Presidente seguiu decisão do STF, que afasta necessidade de ocupação da terra reivindicada em 1988, mas manteve outros pontos da lei aprovada no Congresso que regulam demarcações
POR RAPHAEL SANZ, compartilhado da Revista Fórum
Na foto: Messias, Lula, Guajajara e Padilha.. Ricardo Stuckert
Após se reunir no Palácio do Alvorada com a ministra Sônia Guajajara, dos Povos Indígenas, o ministro Alexandre Padilha, das Relações Institucionais, e Jorge Messias, o Advogado-Geral da União, o presidente Luiz Inácio Lula da Silva (PT) vetou parcialmente nesta sexta-feira (20) o projeto de lei aprovado no Congresso Nacional que, indo na contramão do Supremo Tribunal Federal, instituía o marco temporal para a demarcação de terras indígenas e a indenização a eventuais proprietários de terras lesados no processo.
“Vetei hoje vários artigos do Projeto de Lei 2903/2023, de acordo com a decisão do Supremo sobre o tema. Vamos dialogar e seguir trabalhando para que tenhamos, como temos hoje, segurança jurídica, e também para termos respeito aos direitos dos povos originários”, declarou o presidente Lula no Twitter.
No veto, Lula retirou da lei todas menções à tese do marco temporal, ou seja, os trechos que apontam que apenas terras que tivessem ocupação comprovada em 5 de outubro de 1988, data da promulgação da Constituição, poderiam ser reivindicadas.

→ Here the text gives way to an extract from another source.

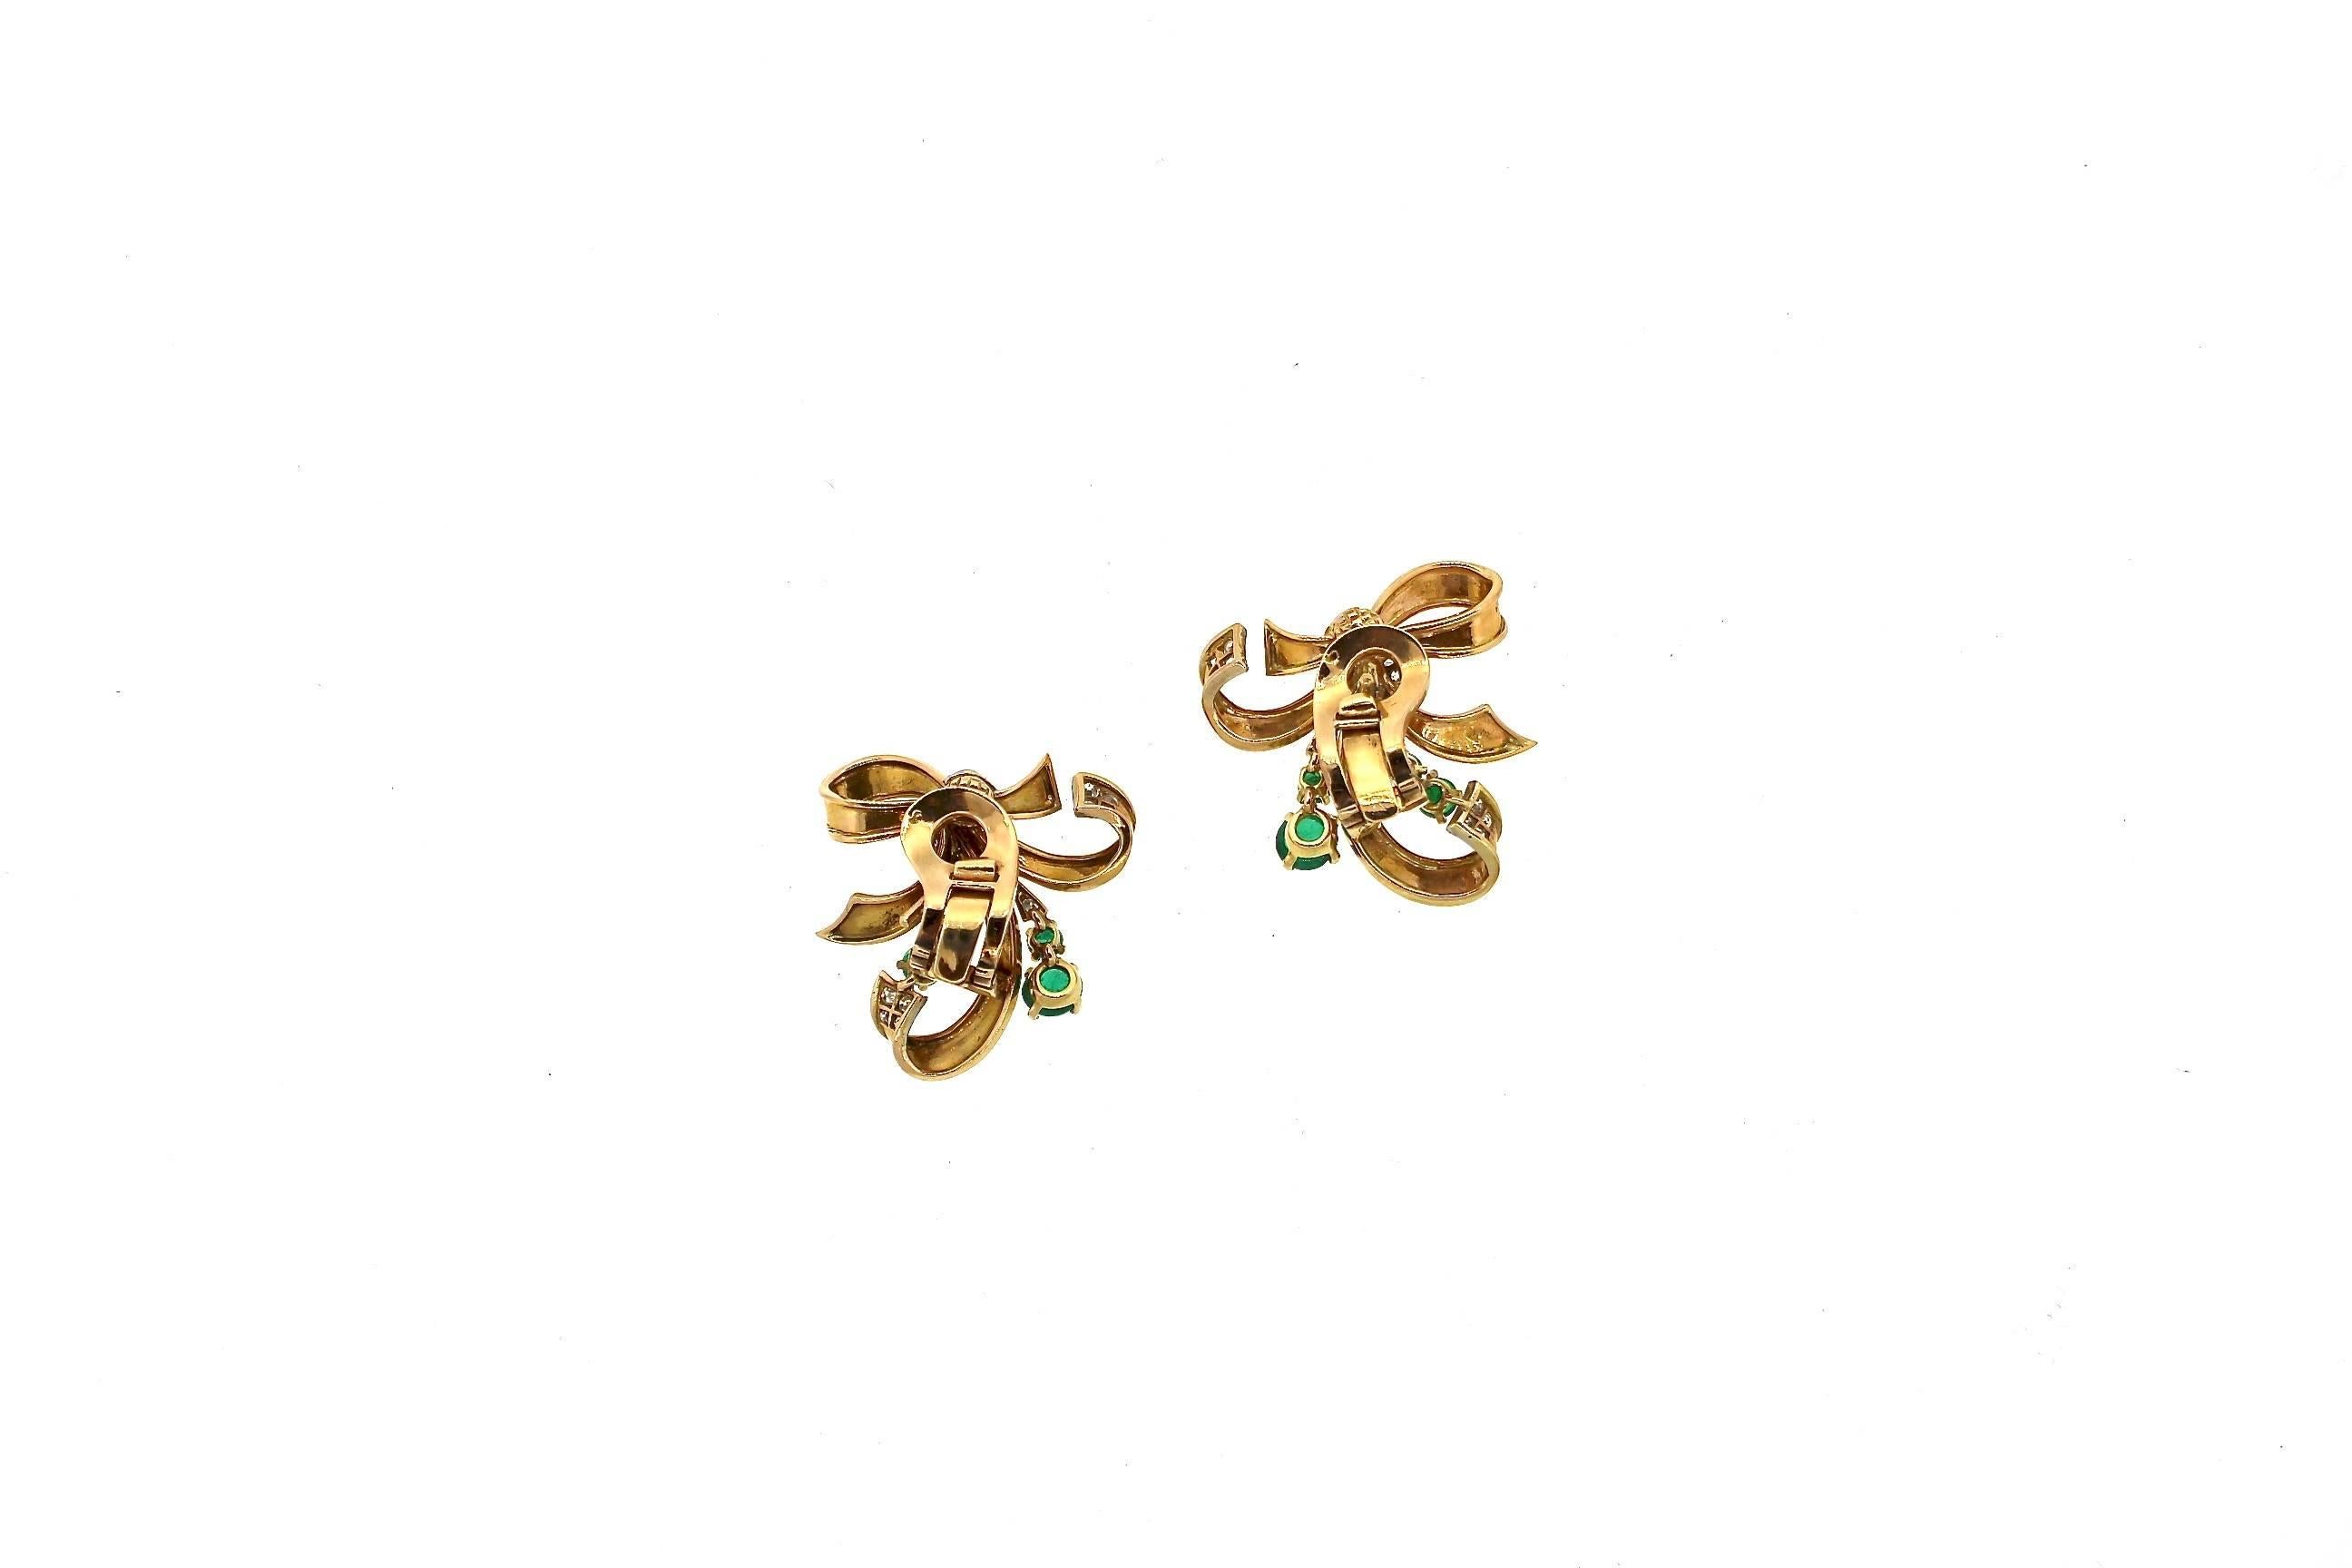 A feminine stylized ribbon earrings accented by cabochon emeralds and diamonds from the 1940s. This fun pair of earrings is quintessential Retro style, with rounded ribbon shapes and accents of bright color. The earrings have the French gold

O artigo 4 da Seção 2 da lei, que trata de “terras indígenas tradicionalmente ocupadas” é justamente o trecho que trata da tese. “A ausência da comunidade indígena em 5 de outubro de 1988 na área pretendida descaracteriza o seu enquadramento no incise I do caput deste artigo, salvo o caso de renitente esbulho devidamente comprovado”, diz.
Do artigo, apenas dispositivos já previstos na Constituição, como aquele que obriga que os processos demarcatórios sejam públicos e amplamente divulgados, foram mantidos.
“O presidente Lula atendeu aquilo que foi decidido pelo STF, em respeito ao que foi decidido pelo Judiciário. E aquilo que ele pode preservar de contribuição do Congresso Nacional para a demarcação ele preservou”, declarou Jorge Messias, o Advogado-Geral da União, para a imprensa.
Veto parcial
Durante a reunião foi exposta a necessidade de não se fazer um veto total, uma vez que seria mais fácil de ser derrubado pelo Congresso – o que ainda é possível de acontecer. Nesse sentido, a ministra Sônia Guajajara explicou para a imprensa que foi necessário encontrar os pontos do projeto de lei que estivessem dentro da Constituição.
“O Ministério dos Povos inicialmente recomendou o veto total. Posteriormente fizemos uma análise criteriosa e conseguimos, ali, olhar os artigos que já estão garantidos na Constituição Federal, portanto poderiam ficar ali”, disse a ministra para a imprensa.
Entre os artigos que foram mantidos está o 17, que estabelece o regime jurídico e de gozo das terras indígenas tradicionalmente ocupadas para todas os territórios demarcados. Outro artigo mantido foi o 26, que trata do desenvolvimento de atividades econômicas nas terras indígenas. Ele prevê que é permitido contanto que a própria comunidade seja a responsável pela atividade, não podendo estabelecer contratos ou cooperação com terceiros e não indígenas.
O ministro Alexandre Padilha resumiu o veto parcial: “Tudo o que significava ataque aos povos indígenas foi vetado pelo presidente da República. Tudo aquilo que confrontava a Constituição foi vetada”.